2 Contexte historique et contexte documentaire

2.3 Les sources de l’étude

2.3.4 Les études antérieures

À de nombreuses reprises, mon travail se réfère à des réflexions ou à des conclusions contenues dans d’autres études réalisées autour du site de l’ancien amphithéâtre. Tous ces travaux ne sont pas égaux et méritent un exposé préliminaire au même titre que les sources écrites, les plans, les fouilles etc. J’ai choisi d’en faire une rapide présentation thématique afin de souligner le contexte de production de chacun en précisant à chaque fois ce qu’ils ont apporté à mon travail. Il s’agit du bilan historiographique du site correspondant à l’emprise de l’ancien amphithéâtre de Tours.

2.3.4.1 La recherche sur l’amphithéâtre antique

Je ne voudrais pas faire une nouvelle présentation des recherches effectuées sur l’amphithéâtre antique de Tours puisque celle-ci a déjà été faite et qu’elle ne paraît pas essentielle à ma thématique de recherche (pour une présentation très précise des recherches du 19e s., voir DUBOIS, SAZERAT 1974 et plus récemment BORDEAUX, SEIGNE 2005). Les principales publications consacrées à la découverte de l’édifice antique sont celles du milieu du 19e s. de la Commission Galembert (GALEMBERT 1853 ; COURTIGIS 1855), puis plus tard, mais dans le même esprit, l’article d’Henry Auvray (AUVRAY 1939). L’enjeu de ces travaux était surtout de prouver, par l’exploration des caves et l’examen de leurs maçonneries, que ce qui passait jusqu’à présent pour des thermes antiques était en fait un amphithéâtre. Ce sont les relevés effectués à l’occasion de ces investigations qui ont permis de dresser les premiers plans de l’amphithéâtre.

Figure 15 : Vestiges existants ou constatés des arènes romaines de Tours. Dessin de Courtigis, 1854, fonds SAT.

Ces publications se sont véritablement concentrées sur les vestiges antiques appartenant à l’amphithéâtre ; elles s’attardent rarement à faire état des maçonneries médiévales et modernes. Ainsi, si les coupes de l’édifice dessinées dans la partie basse de la Figure 15 représentent le bâti implanté sur le monument, leur examen montre qu’il s’agit uniquement d’un « décor » qui, loin de la réalité, ne repose sur aucun relevé précis.

Plus récemment, Jean-Paul Sazerat et Jacques Dubois ont publié une série d’articles à la suite de leurs fouilles des années 1960 et 1980 (d’abord un projet de demande de financement non publié : Un monument méconnu…1964 , puis deux articles : DUBOIS, SAZERAT 1974 ; DUBOIS, SAZERAT 1977). Les publications reposent sur des relevés plus précis, mais l’absence de méthode stratigraphique dans la fouille rend douteuses les conclusions des auteurs. Contrairement aux publications précédentes, les auteurs s’attardent parfois à décrire les maçonneries médiévales ou « renaissance », ainsi que les principaux objets découverts lors de leurs sondages : mais là encore les remarques et les datations ne sont pas suffisamment étayées pour être prises en compte dans l’analyse en tant que telles.

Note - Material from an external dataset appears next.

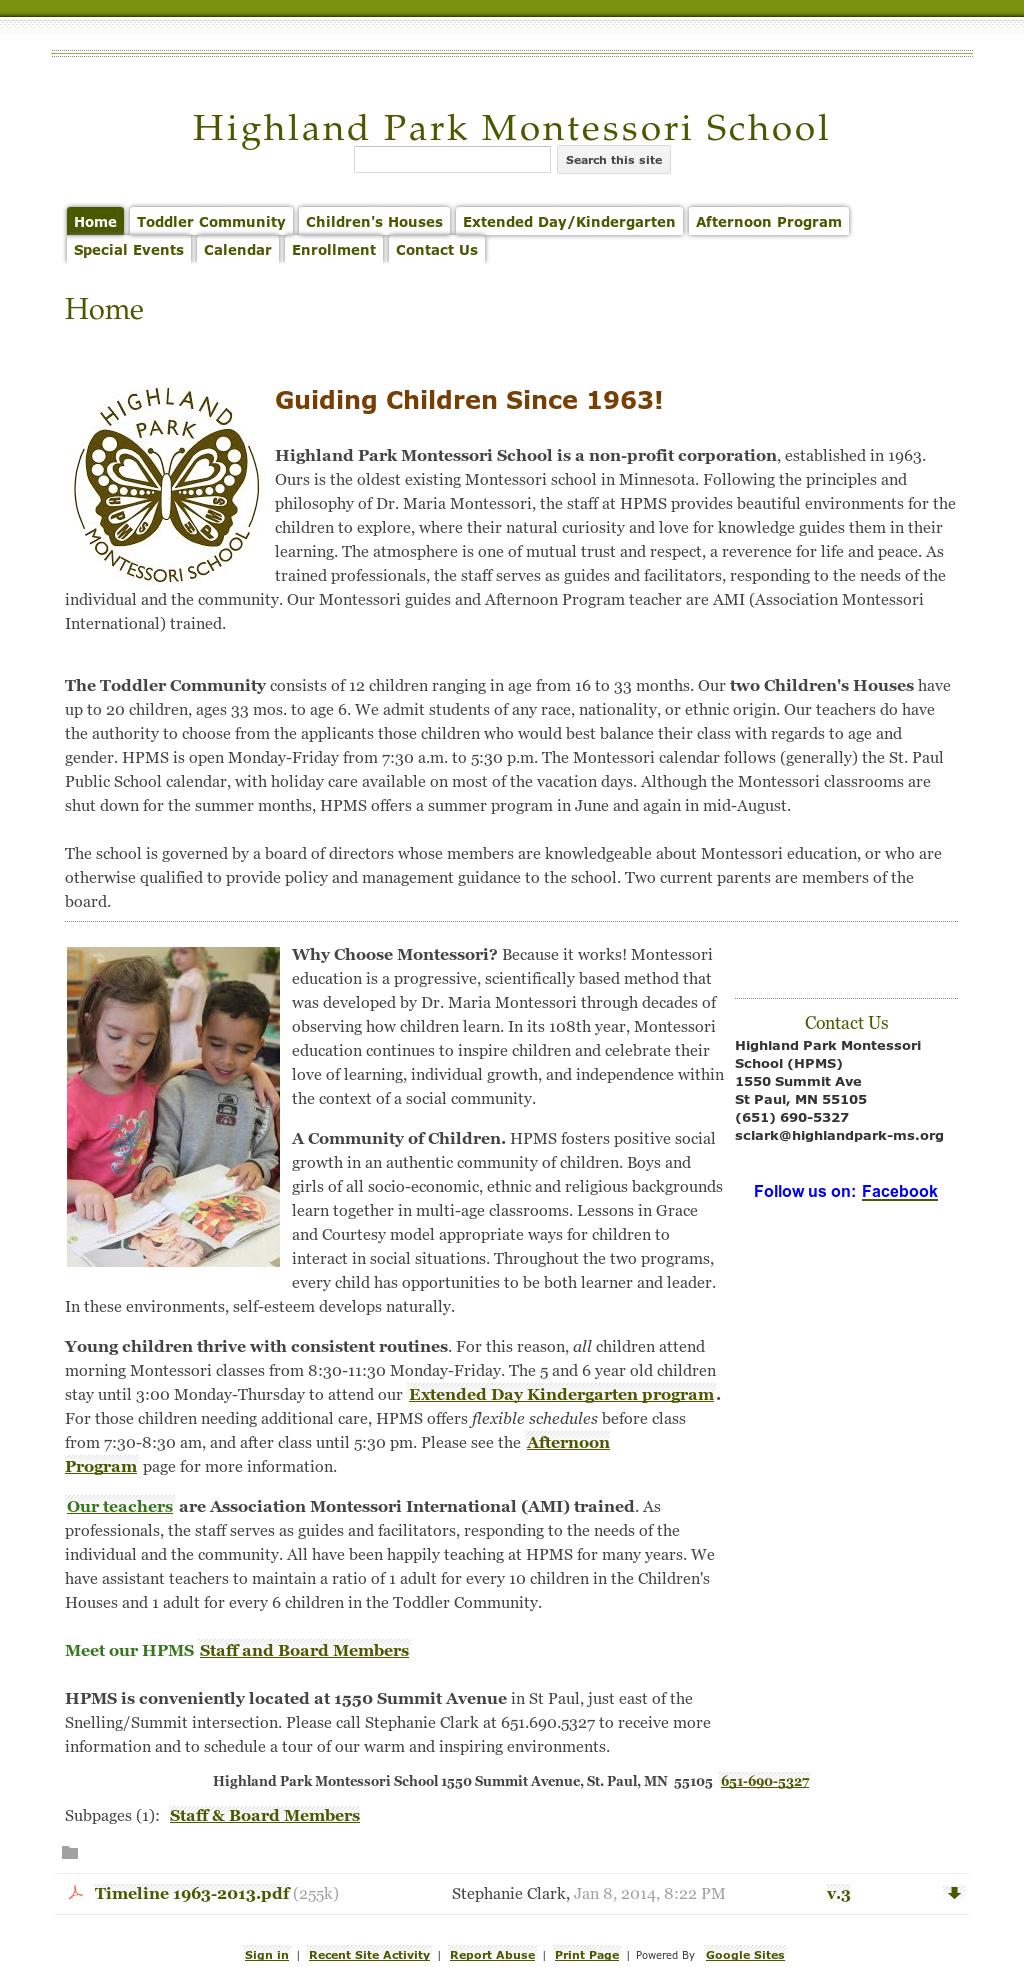 Highland Park Montessori School - Hpms Competitors, Revenue

Enfin, il y a peu, Jacques Seigne a publié plusieurs articles assez courts qui s’intéressent exclusivement aux différents états architecturaux de l’amphithéâtre. Même s’il ne présente aucun relevé, mais directement les plans restitués, il s’agit à ce jour de la synthèse la plus aboutie concernant l’édifice gallo-romain (BORDEAUX, SEIGNE 2005 ; SEIGNE 2007c ; SEIGNE 2007g ; SEIGNE 2007d).

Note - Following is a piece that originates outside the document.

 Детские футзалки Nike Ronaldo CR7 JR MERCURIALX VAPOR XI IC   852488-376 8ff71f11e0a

2.3.4.2 L’étude du rempart par Jason Wood

L’étude du rempart antique de Tours a été réalisée par Jason Wood en 1981, puis publiée deux ans après dans le deuxième volume de la collection Recherches sur Tours (WOOD 1983). Ce travail, dont il faut souligner la grande rigueur, concerne à la fois le fonctionnement de l’enceinte, son rapport à la ville, mais aussi les techniques de construction mises en œuvre ; l’analyse repose pour cela sur de nombreux relevés et l’ensemble dépasse la simple description architecturale. Les récents travaux de Jacques Seigne ont permis d’étayer certaines hypothèses faites par Jason Wood, notamment sur la place de l’ancien amphithéâtre dans la fortification ; en revanche, la restitution de l’enceinte et notamment la scansion proposée des tours au terme de l’étude a été complètement réinterprétée par Jacques Seigne (SEIGNE 2007d).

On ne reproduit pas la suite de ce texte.